300MB/sec Write and 200MB/Sec Read bandwidth

Data Flow Example

We look briefly at the data flows in the system for the Web Clickstream data to give you a feel for the types of processing involved. This is shown in Figure 3. There are a number of other workflows besides this one that are used in the system.

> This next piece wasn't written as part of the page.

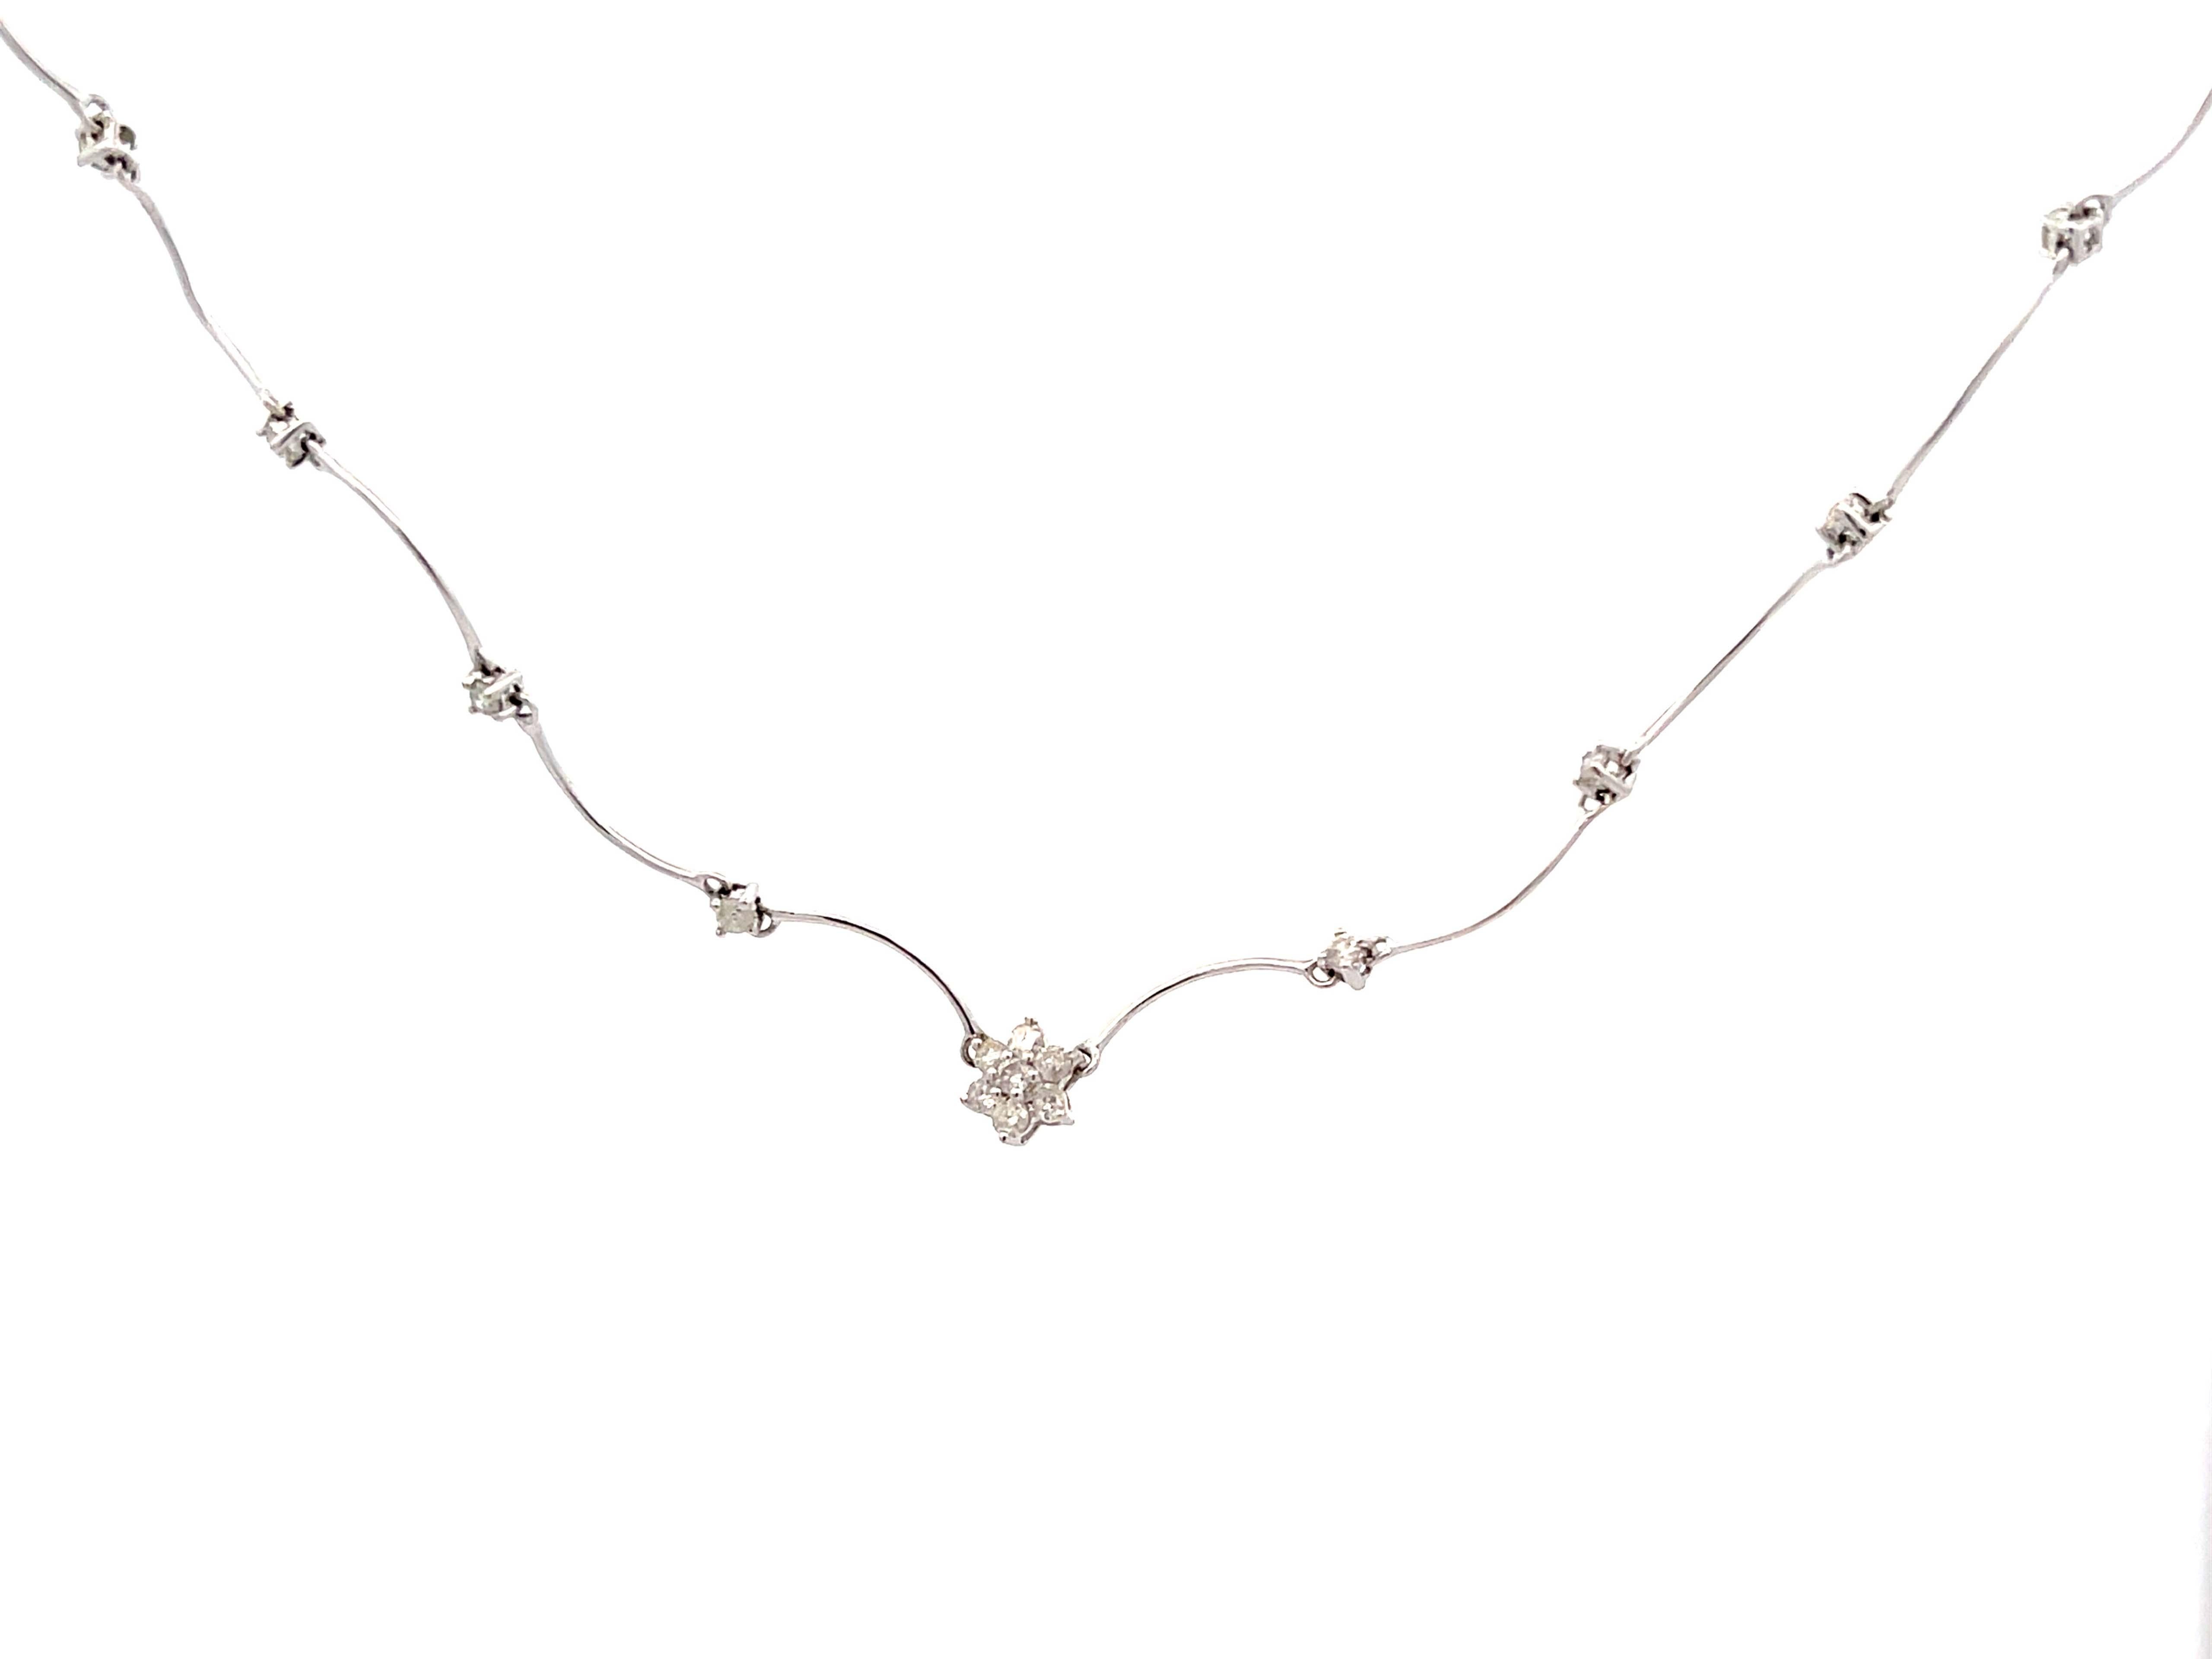 Brilliant Cut Wavy Diamond Flower Diamond Necklace in 18k White Gold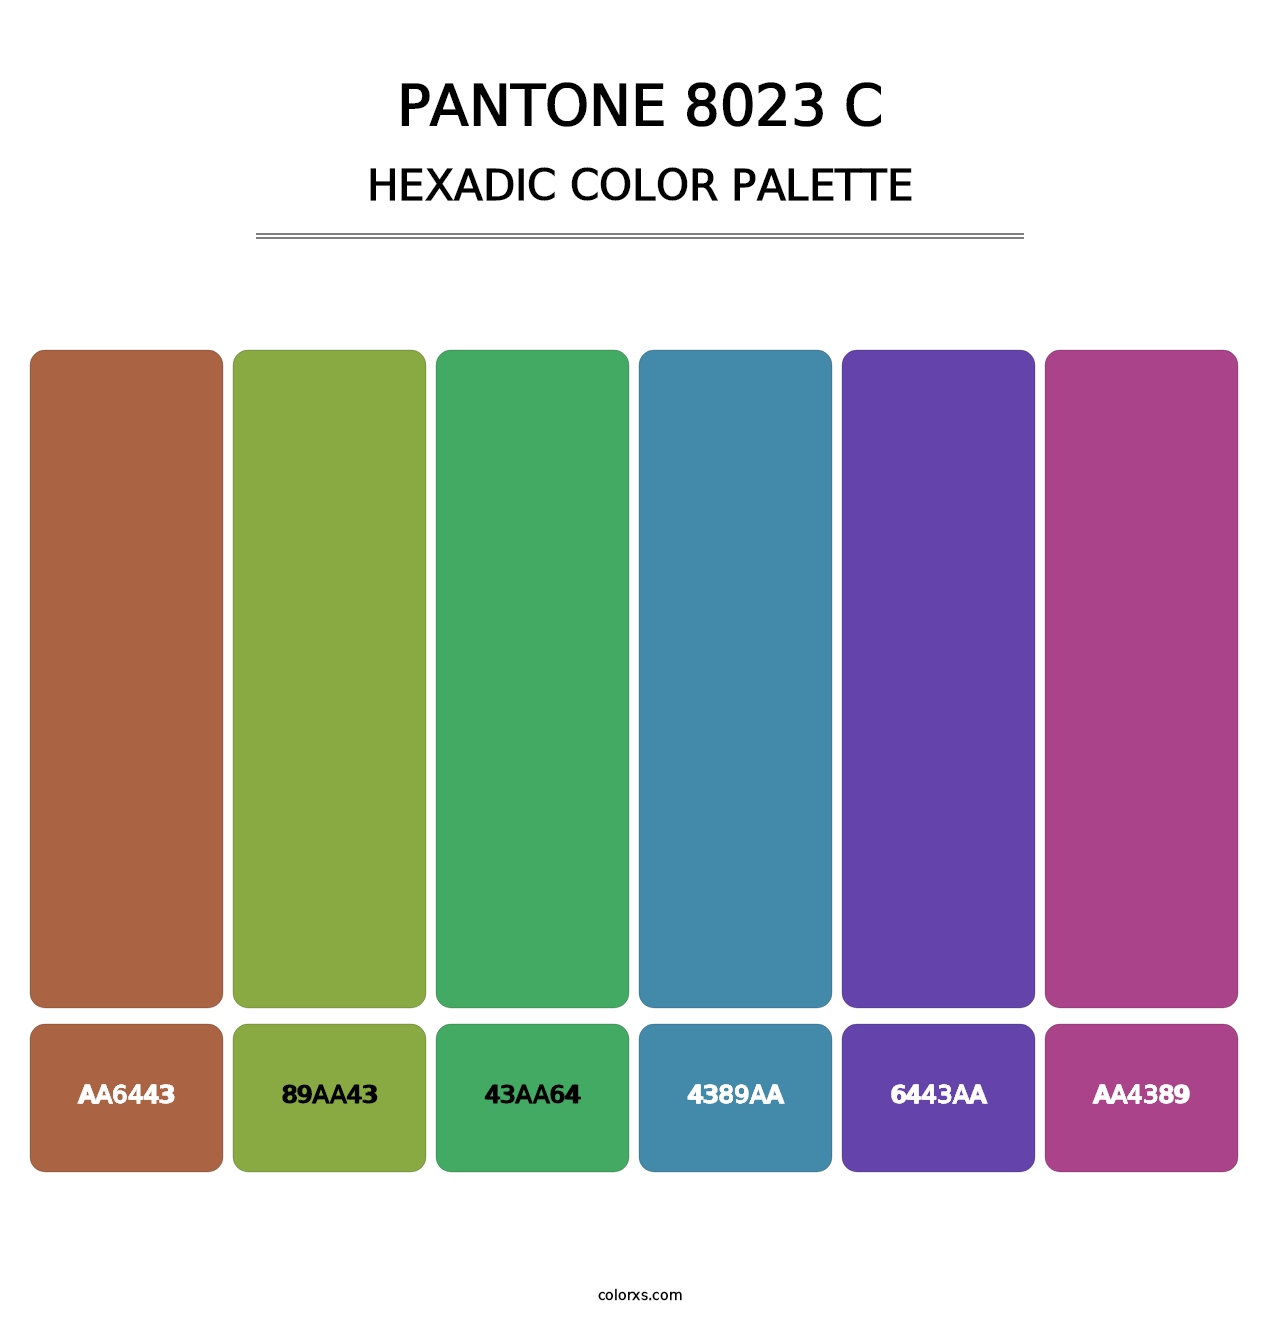 PANTONE 8023 C - Hexadic Color Palette

Figure 3: Data flow and processing for the web clickstream data pipeline (click on image to enlarge)

The Adobe Omniture Site Catalyst product, which is monitoring VMware’s website properties, provides complex multi-column datasets, made up of two million records at regular intervals. These datasets are pushed on a daily basis to an FTP site hosted at VMware’s IT department. This data is then loaded into the Isilon storage using features of the Spring XD Container framework. The Hadoop framework used is the Pivotal PHD distribution. Data cleanup and pre-processing is done using a combination of Pig, Hadoop Streaming and Python custom scripts. The data is placed into Hive and HAWQ schemas and processed by the Alpine Data Lab, the Hue and PostGres tools for presentation to the end users. Once the appropriate SQL query is setup in HAWQ, then users can execute the query against the Hadoop/HDFS data and produce graphs showing the various patterns in the data. Several other business data ingest pipelines and query processing actions run in parallel with this one.

The Hadoop Cluster Configuration Specification

The specification below is used in the “cluster create” command within the BDE Command Line Interface tool using the “–specFile” parameter to apply the virtual machine parameters to the cluster. Specifications like this may also be loaded into the GUI that is provided with BDE through the vSphere Web Client.

For a complete description of the various detailed entries in this BDE configuration specification file as shown below, please consult the BDE Command Line Interface Guide that is available at http://www.vmware.com/bde

“nodeGroups”:[

{

“name”: “master”,

“roles”: [

“basic”

“instanceNum”: 2,

“cpuNum”: 8,

“memCapacityMB”: 36000,

“swapRatio”: 0.1,

“storage”: {

“type”: “LOCAL”,

“sizeGB”: 180,

“dsNames”: [“SAN-disk1”]

“haFlag”: “on”

{

“name”: “client”,

“roles”: [

“basic”

“instanceNum”: 1,

“cpuNum”: 4,

“memCapacityMB”: 36000,

“swapRatio”: 0.1,

“storage”: {

“type”: “LOCAL”,

“sizeGB”: 180,

“dsNames”: [“SAN-disk2”]

“haFlag”: “on”

{

“name”: “worker”,

“roles”: [

“basic”

“instanceNum”: 5,

“cpuNum”: 8,

“memCapacityMB”: 52000,

“swapRatio”: 0.1,

“storage”: {

“type”: “LOCAL”,

“sizeGB”: 800,

“dsNames”: [“SAN-disk1″,”SAN-disk2″,”SAN-disk3″,”SAN-disk4”]

“haFlag”: “off”

}

]

}

Conclusions

A small team of engineers can build a powerful big data processing system on virtual machines quickly using the vSphere platform, without having to change existing hardware. With a relatively small number of virtual machines and host servers, the Hadoop ecosystem can provide valuable business insights into the data without incurring a large expenditure. Later in time, that system can be scaled up, if required, much more easily on a virtualized platform than on other platforms. Tools such as the vSphere Big Data Extensions, a plugin to the vCenter Management tool, provide automated building and management of a virtualized Hadoop environment such as that shown here, saving time and giving increased value to the business. This is a foundational step towards providing Hadoop-as-a-Service to the data analysis community.